Все князья во дворе стали кричать разом, перебивая друг друга:
– Зачем нас вызвал? Спасать диких половцев? Удавил бы их кто-нибудь! Без них станет легче! Пускай сами себя спасают, а мы посмотрим!
Грузный хан Котян выделился из толпы и, переваливаясь на кривых ногах, поспешил к крыльцу. Коснулся рукой земли, тронул золотое одеяние княжеское и, захлебываясь, сказал:
– Княже пресветлый! Ты прежде был ласков ко мне, как и я к тебе! Будь нам вместо отца! Помоги прогнать злобный народ хана Чагониза! Как волки, рыщут по нашей земле эти злодеи, называемые татары. Всю нашу землю сегодня у нас отняли, а завтра придут к вам и вашу русскую землю возьмут. Обороните нас! Если не поможете нам, все мы ныне иссечены будем, а вы, русские, завтра будете иссечены! Надо нам всем соединиться и обороняться одной ратью.

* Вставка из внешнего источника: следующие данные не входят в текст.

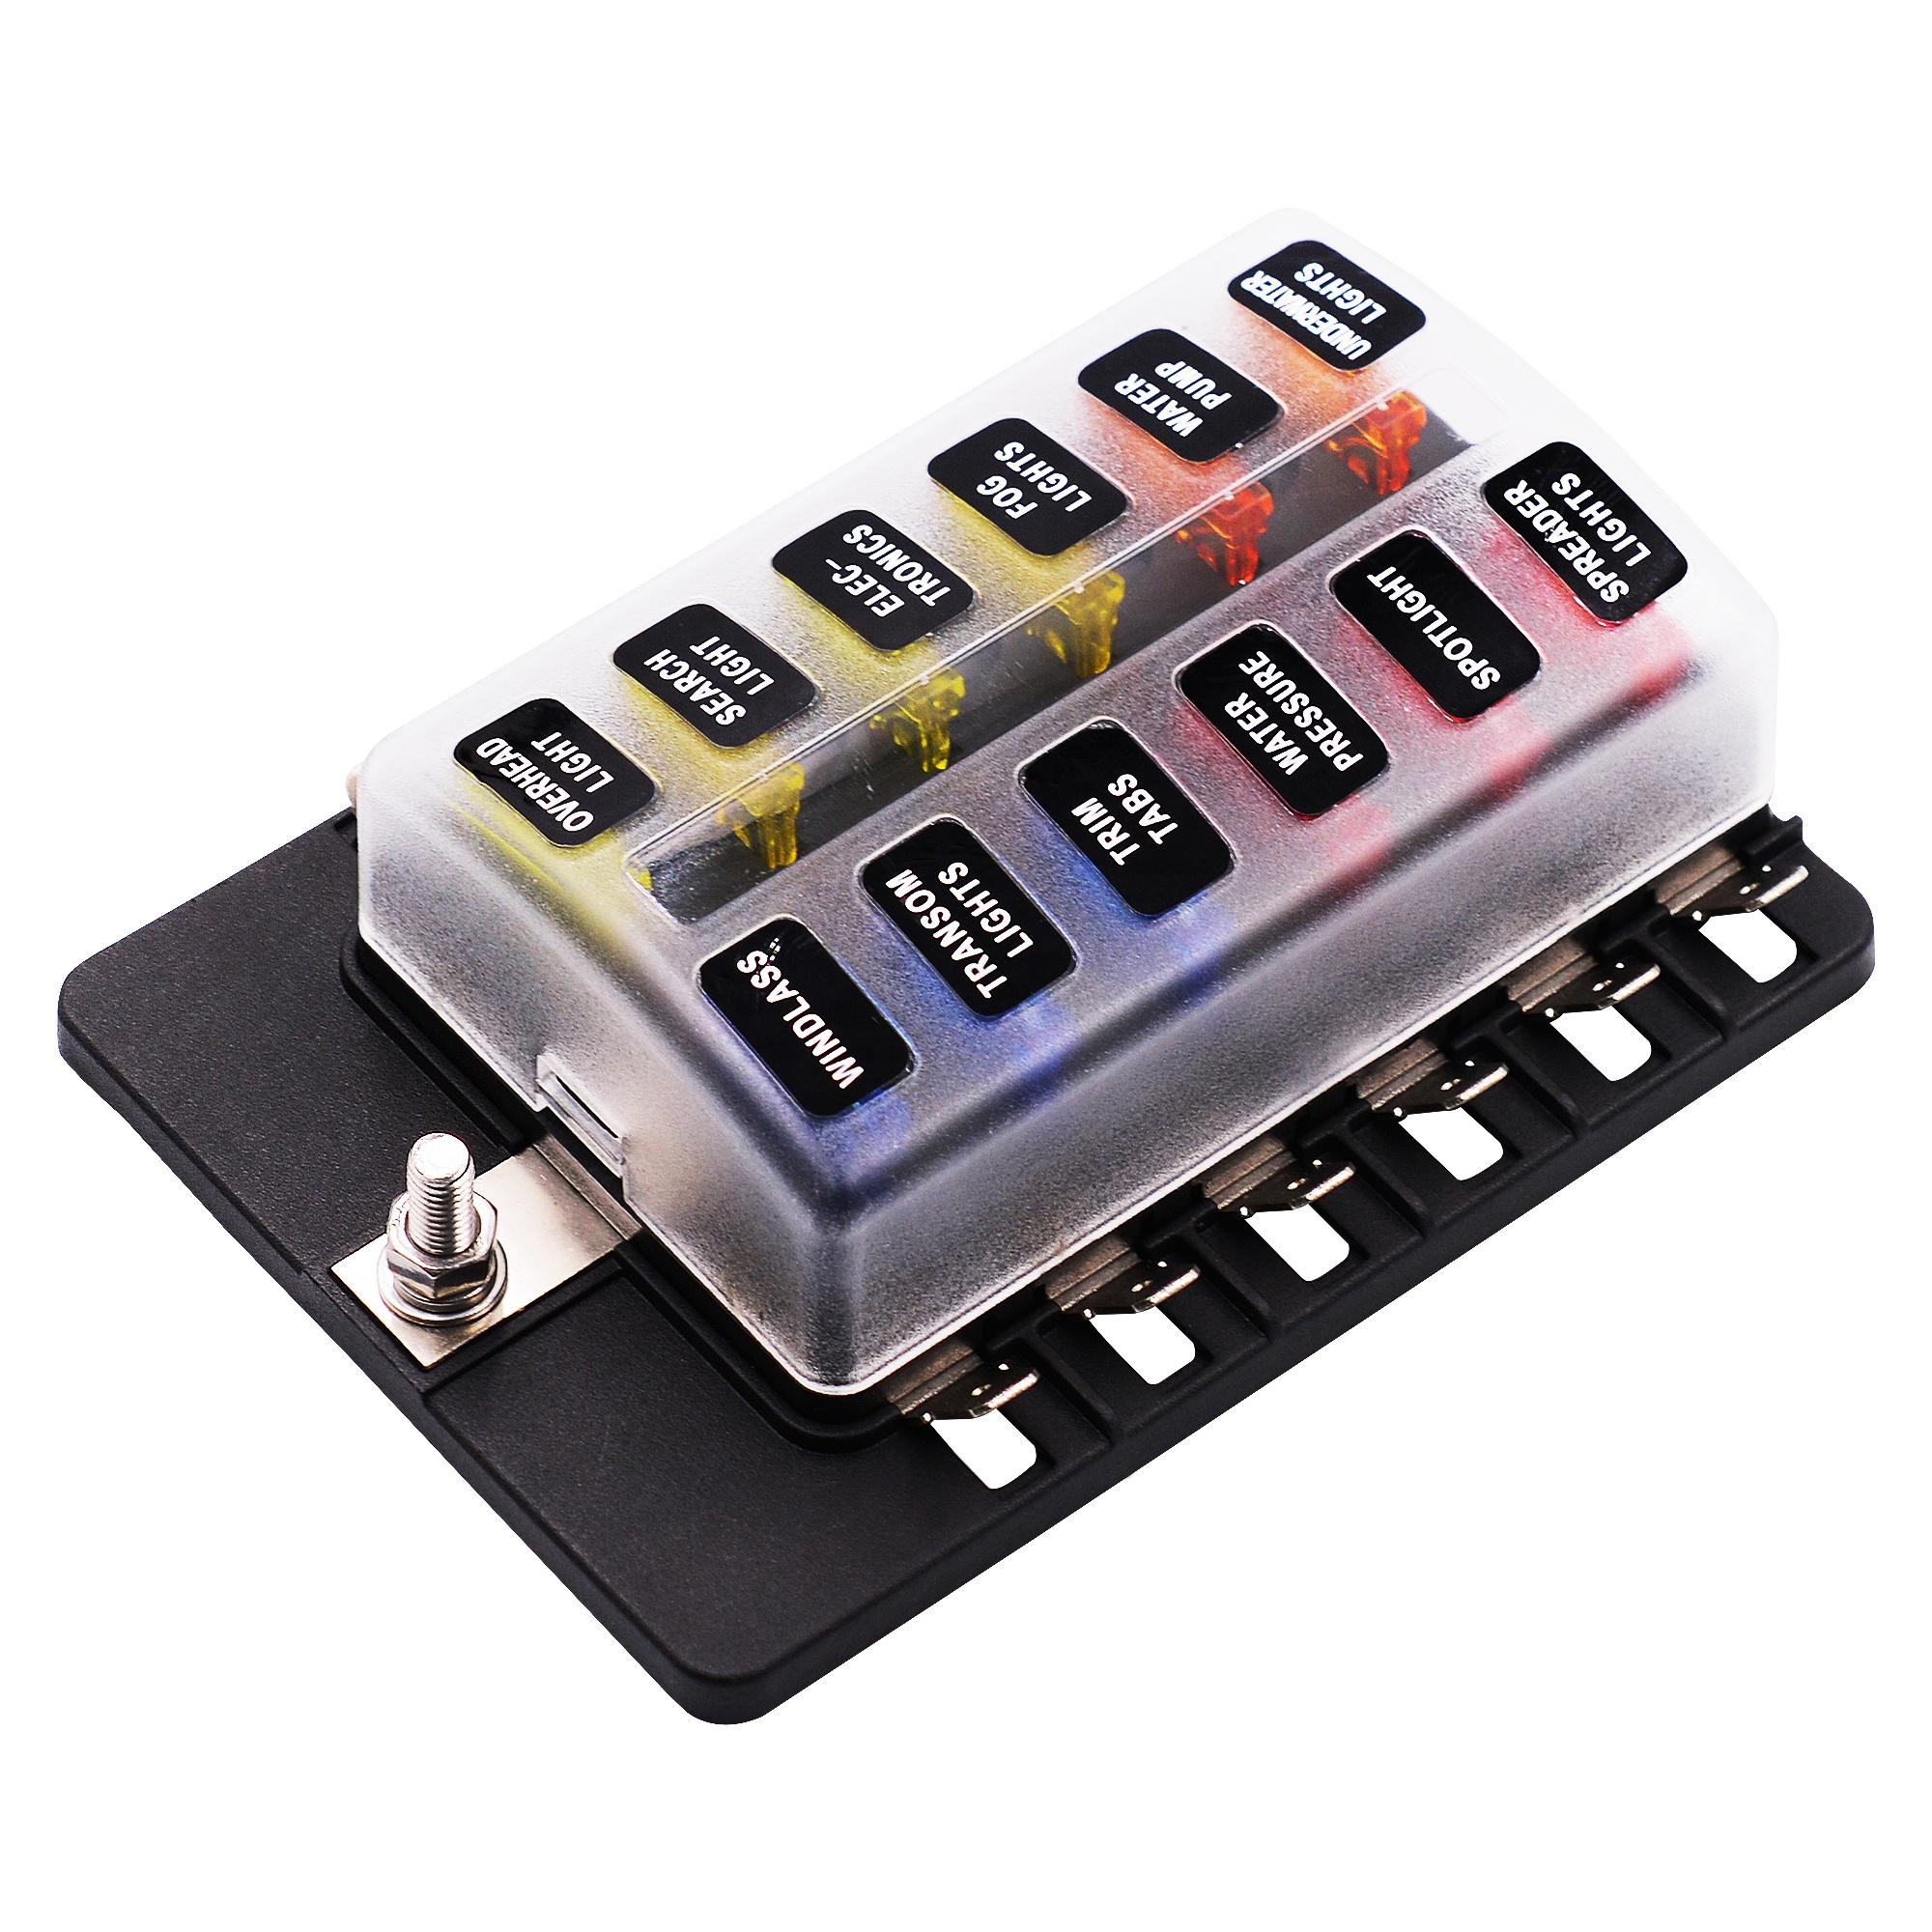 low voltage dc dustproof automotive filter car fuse box block holder with  indicator light - buy 24v fuse box,12v fuse box,fuse box product on  alibaba.com  alibaba.com

– Не каркай! Чего наплел! – слышались недовольные голоса. – Тише, дайте говорить! Чего без пути лаять?
Другие возражали:
– Половцы – враги наши! Они сейчас в нашей земле без помощи и силы. Перебить всех и богатства их забрать!
Новые голоса, перебивая друг друга, смешались в дикий шум. Князь киевский беспомощно озирался, подымал руки. Крики усиливались.
Князь Мстислав Удатный, решительный и быстрый, взошел на ступеньки крыльца.
– Князья преславные, и воеводы честные, и все удальцы русские! – говорил Мстислав. – Не все ли мы сыны одной земли святорусской? Забудем старые споры, и распри, и войны с половцами! И мы их били, и они нас жгли и громили… Сейчас тяжелые дни пришли и для половцев и для нас. Когда наступает новый, неведомый враг, лучше дружба, чем война с половцами. Если мы сейчас им не поможем против безбожных татар Чагониза, то половцы могут им передаться, и силы вражьи станут еще больше.
– А что за люди татары? Может, вои простые, проще, чем половцы. Сколько их?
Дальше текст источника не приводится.